:: Your goal ::
When copying the data below, keep only the lines from the one with "Los Angeles, California, EE.UU., ciudad" through the one with "JohnWelshLosValientesOneSheet-page-001.jpg", word for word, and skip the pictures.

:: Given data ::
########
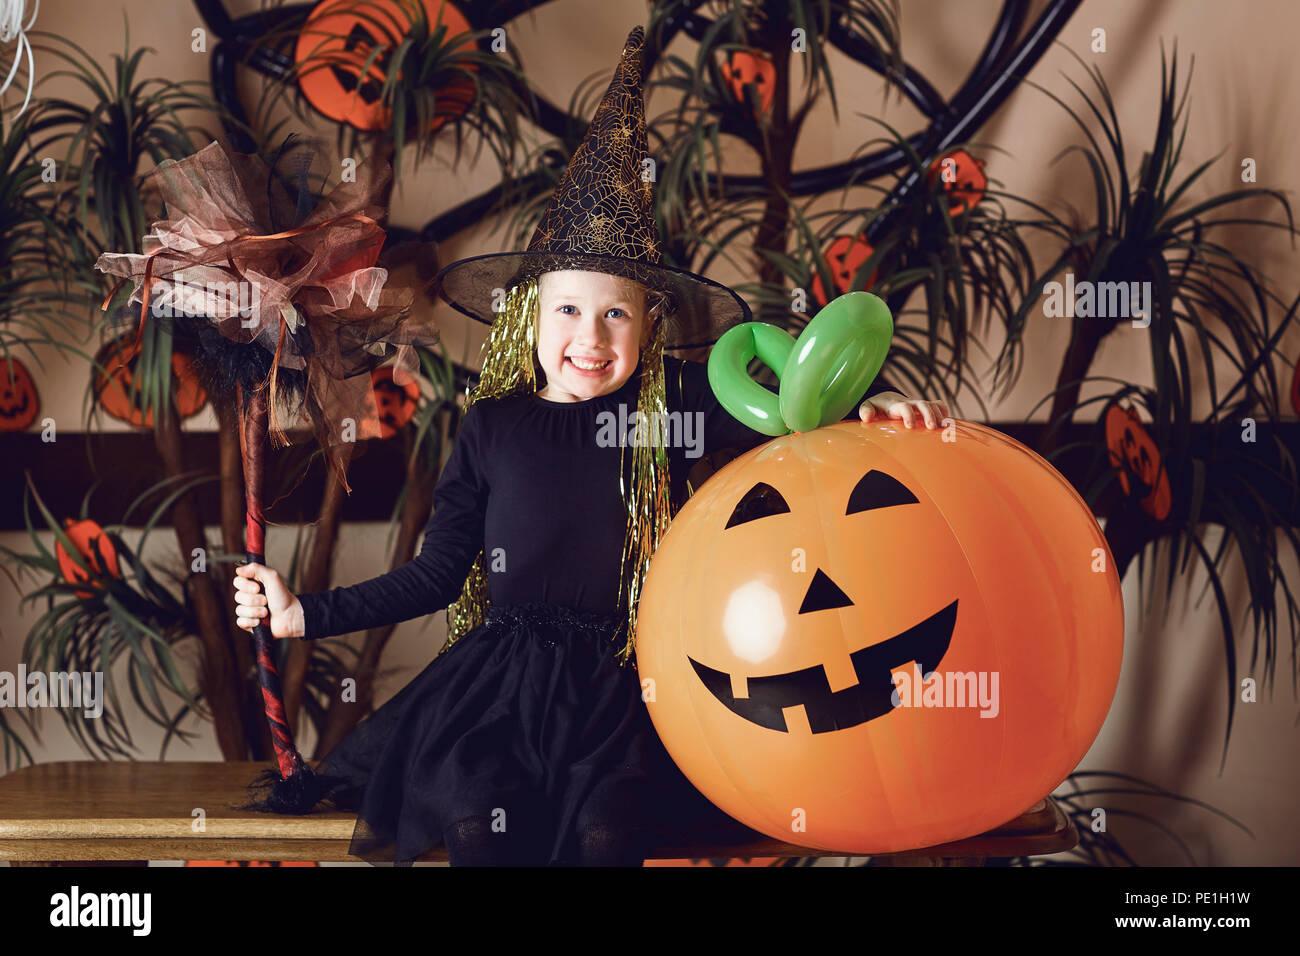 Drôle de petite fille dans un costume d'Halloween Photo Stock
########
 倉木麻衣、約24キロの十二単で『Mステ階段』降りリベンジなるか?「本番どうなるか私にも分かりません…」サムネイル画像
########
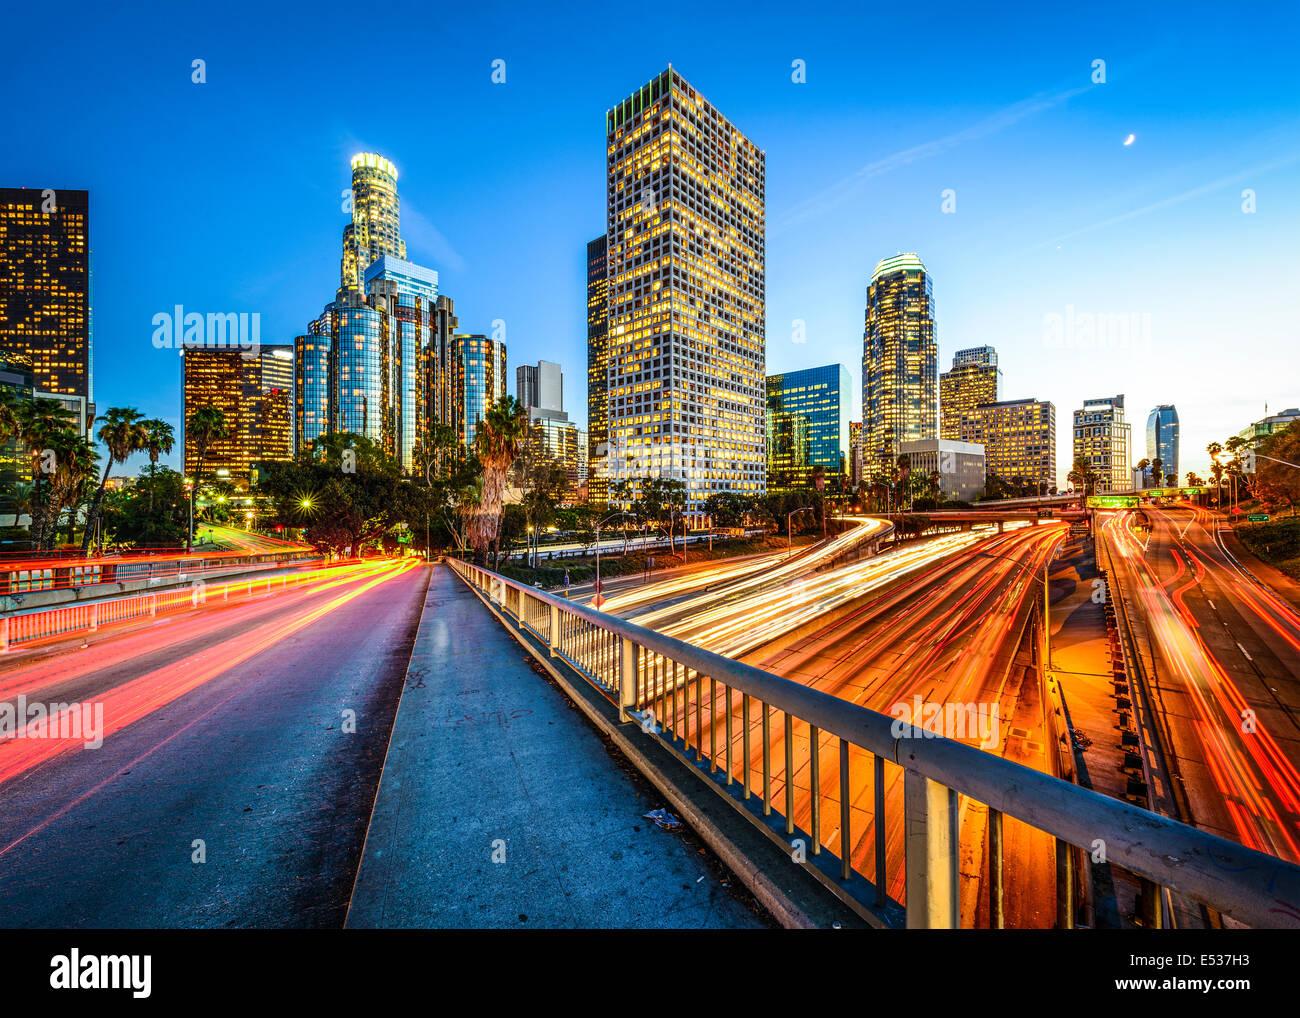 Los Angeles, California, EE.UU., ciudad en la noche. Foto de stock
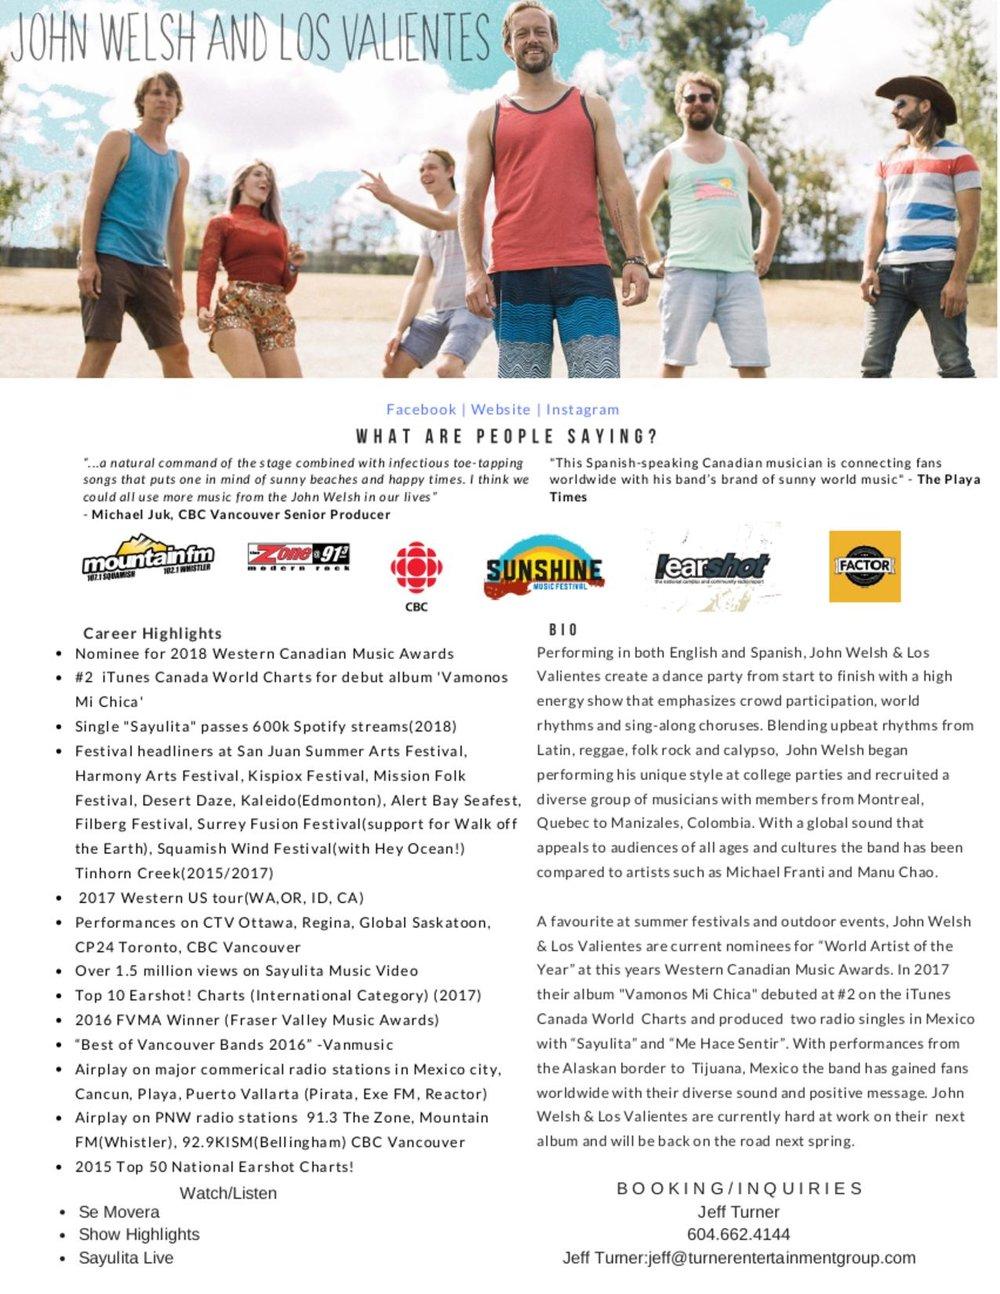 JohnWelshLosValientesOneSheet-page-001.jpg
########
:: Response to this task ::
 Los Angeles, California, EE.UU., ciudad en la noche. Foto de stock
 JohnWelshLosValientesOneSheet-page-001.jpg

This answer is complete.